Longing to see beyond their own world, the ambassador proposes a rescue mission—one that will bring both friends and foes, and ultimately a fight for freedom. But first, Axton must make a choice: between a life-long allegiance… and the chance to claim a truth of her own.
Warnings: indoctrination, brainwashing, threatening with a weapon (guns & a bomb)
The Review
At first, Axton performs like any other average protagonist in a dystopian novel, working hard, not questioning her society or its rules. Time and again, she performs her duty efficiently and without question, even handing over her first lover to be arrested for being an Outlier. But a chance encounter with an intriguing soul, full of light and love, while on duty on a pleasure planet leads Axton to question her life, and shreds her belief system and the cocoon of normalcy she’s spent a lifetime perfecting around her.
Suddenly, Axton is casting off her assumptions about the dystopian society she works for, and the bulk of the novel is spent on a time-travel mission, as Axton is single-mindedly bent on spending every second of her mission trying to stop the birth of the New Worlds Star System. She curses as the found family she’s built around her on the mission slowly “loses focus” on the task, as they build new meaningful connections to the world of the past and grow apart from her.

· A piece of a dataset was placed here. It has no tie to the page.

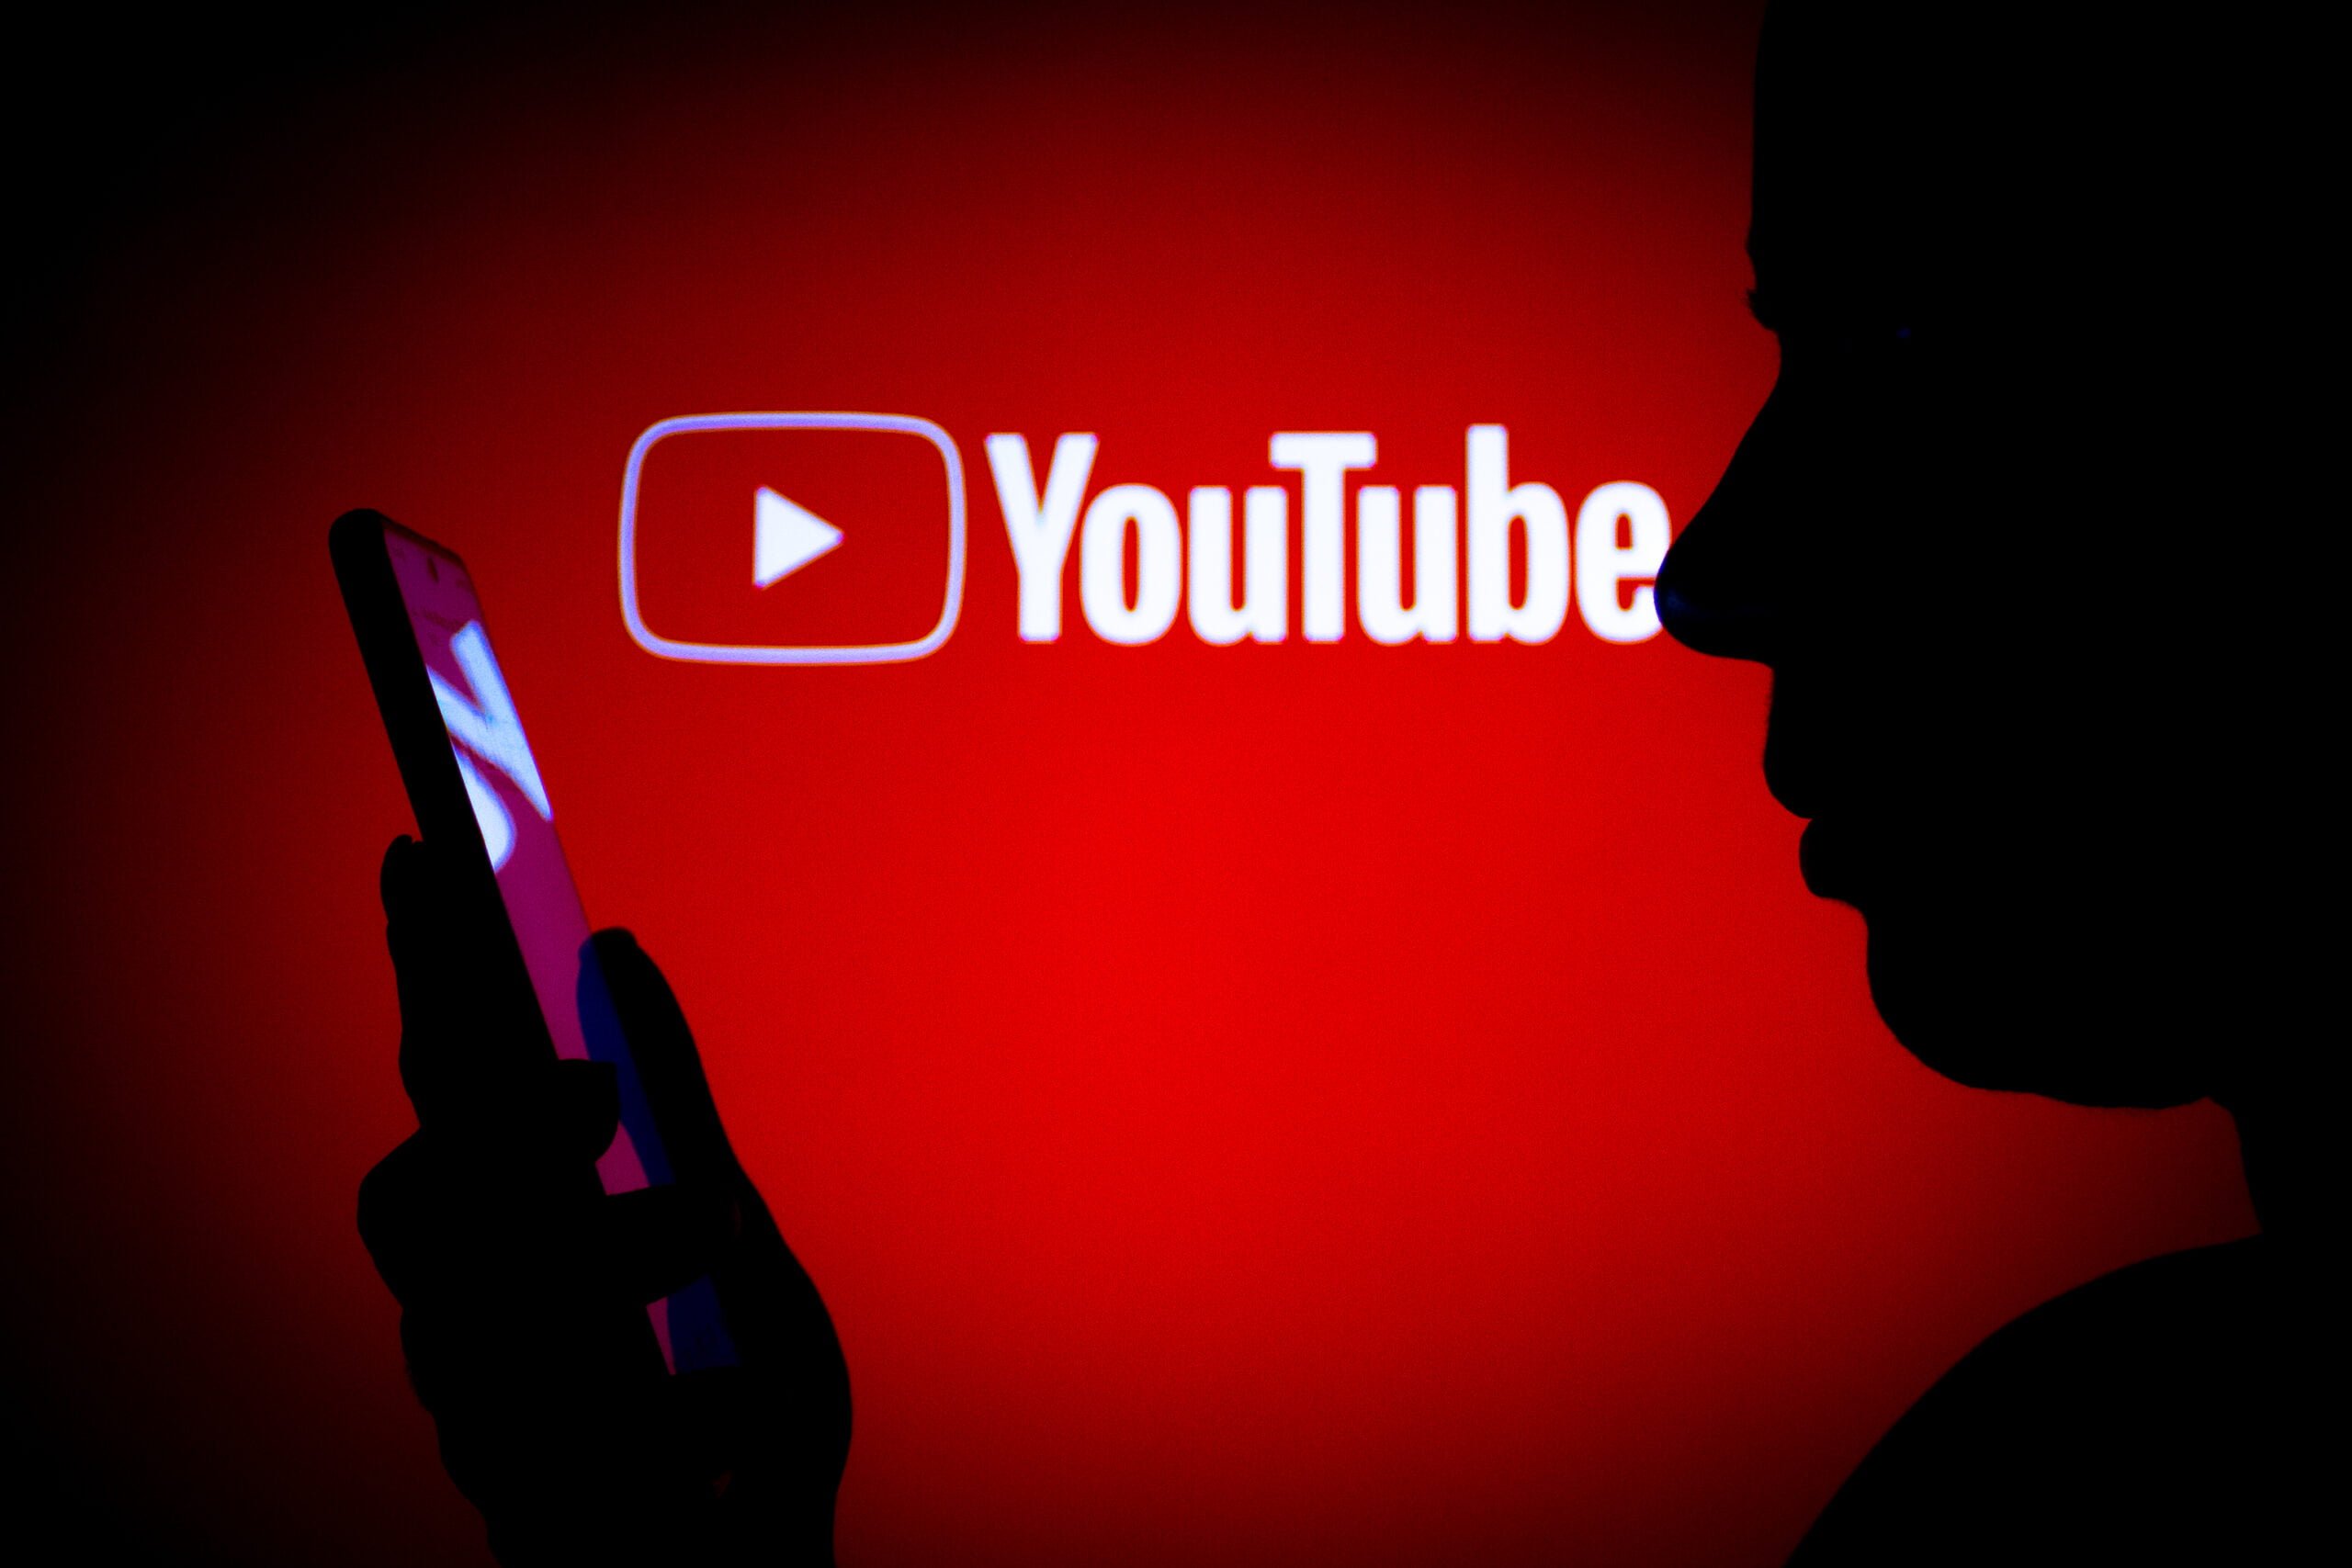 Sylwetka osoby trzymającej smartfon na czerwonym tle z logo YouTube.

Her frustration with those around her is echoed by the reader’s frustration for her stubborn single-mindedness. Finally, she realizes that a time machine can’t fix her own problems, and belonging to a dystopian society doesn’t absolve her of her own actions on behalf of the oppressive system she’d spent a lifetime serving. It is at this moment that Axton begins to deconstruct from the trauma of her oppressive upbringing, and just at the moment when you, the reader, are shouting at her for her stubbornness, Axton is reborn with new insight into her actions and a change of heart.

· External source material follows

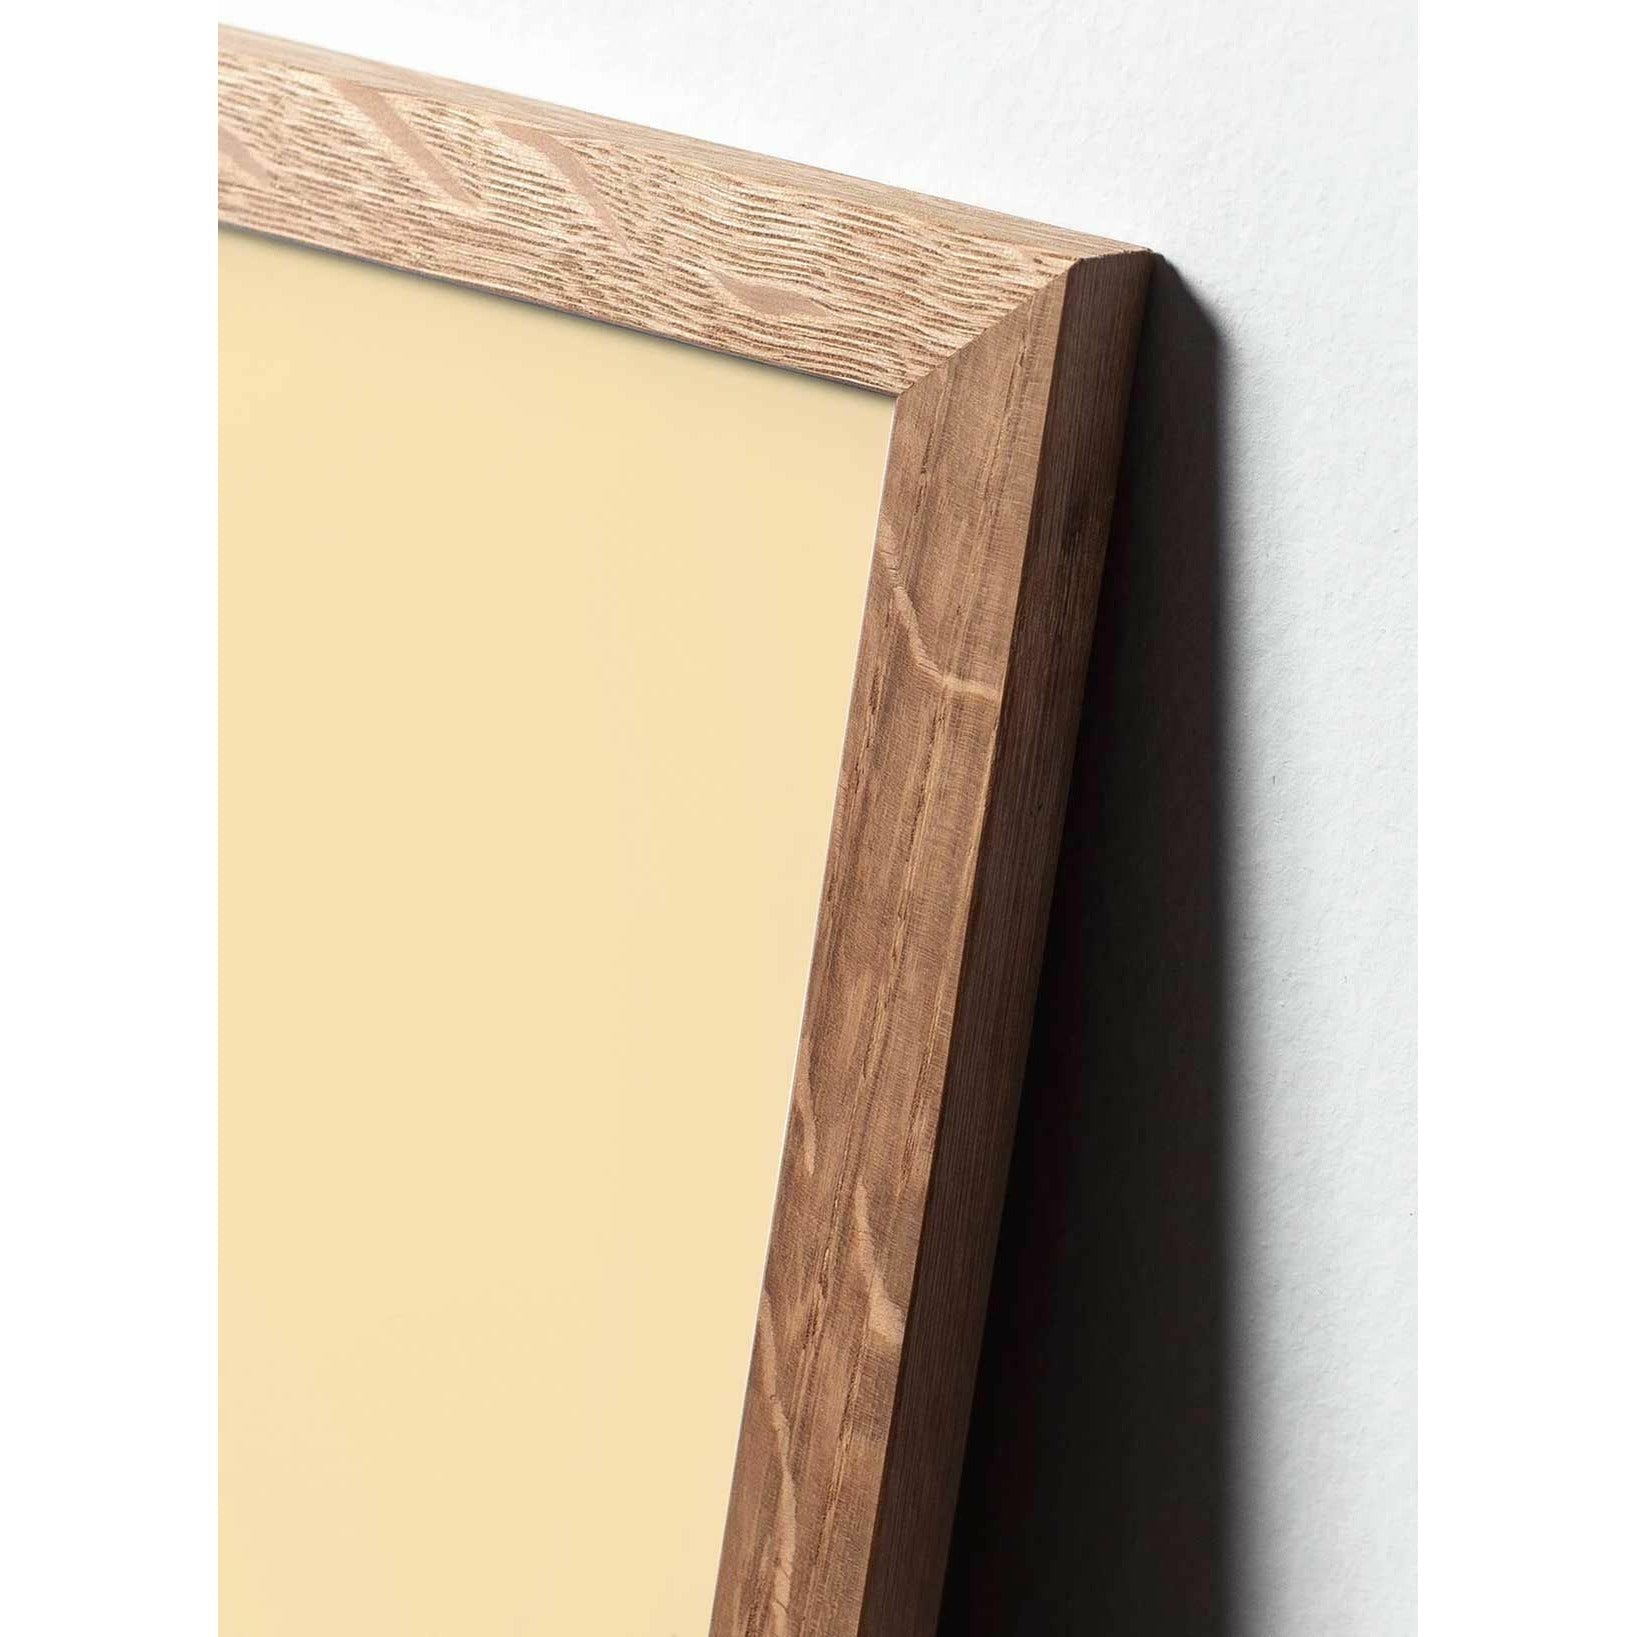 brainchild Pine Cone Classic Poster, frame gemaakt van licht hout 30x40 cm, rode achtergrond

I don’t usually enjoy dystopian fiction, but holy mackerel, this book was intense! The author did a superb job at exploring how difficult and arduous a process it is for a member of a dystopian society to deprogram themselves from their toxic upbringing and begin to heal. I greatly enjoyed reading it, and can’t wait to see how Axton grows in the next book.
5 stars.
The Reviewer
KA Masters [she/her] is an ace author who writes queer fairy tales and historical fantasy. Although she believes that every good story needs elves and / or explosions in them, her most recent publication, “Sappho in Violet and Gray,” sadly does not include either. You can read more about her on her Goodreads Author Profile K_A_Masters.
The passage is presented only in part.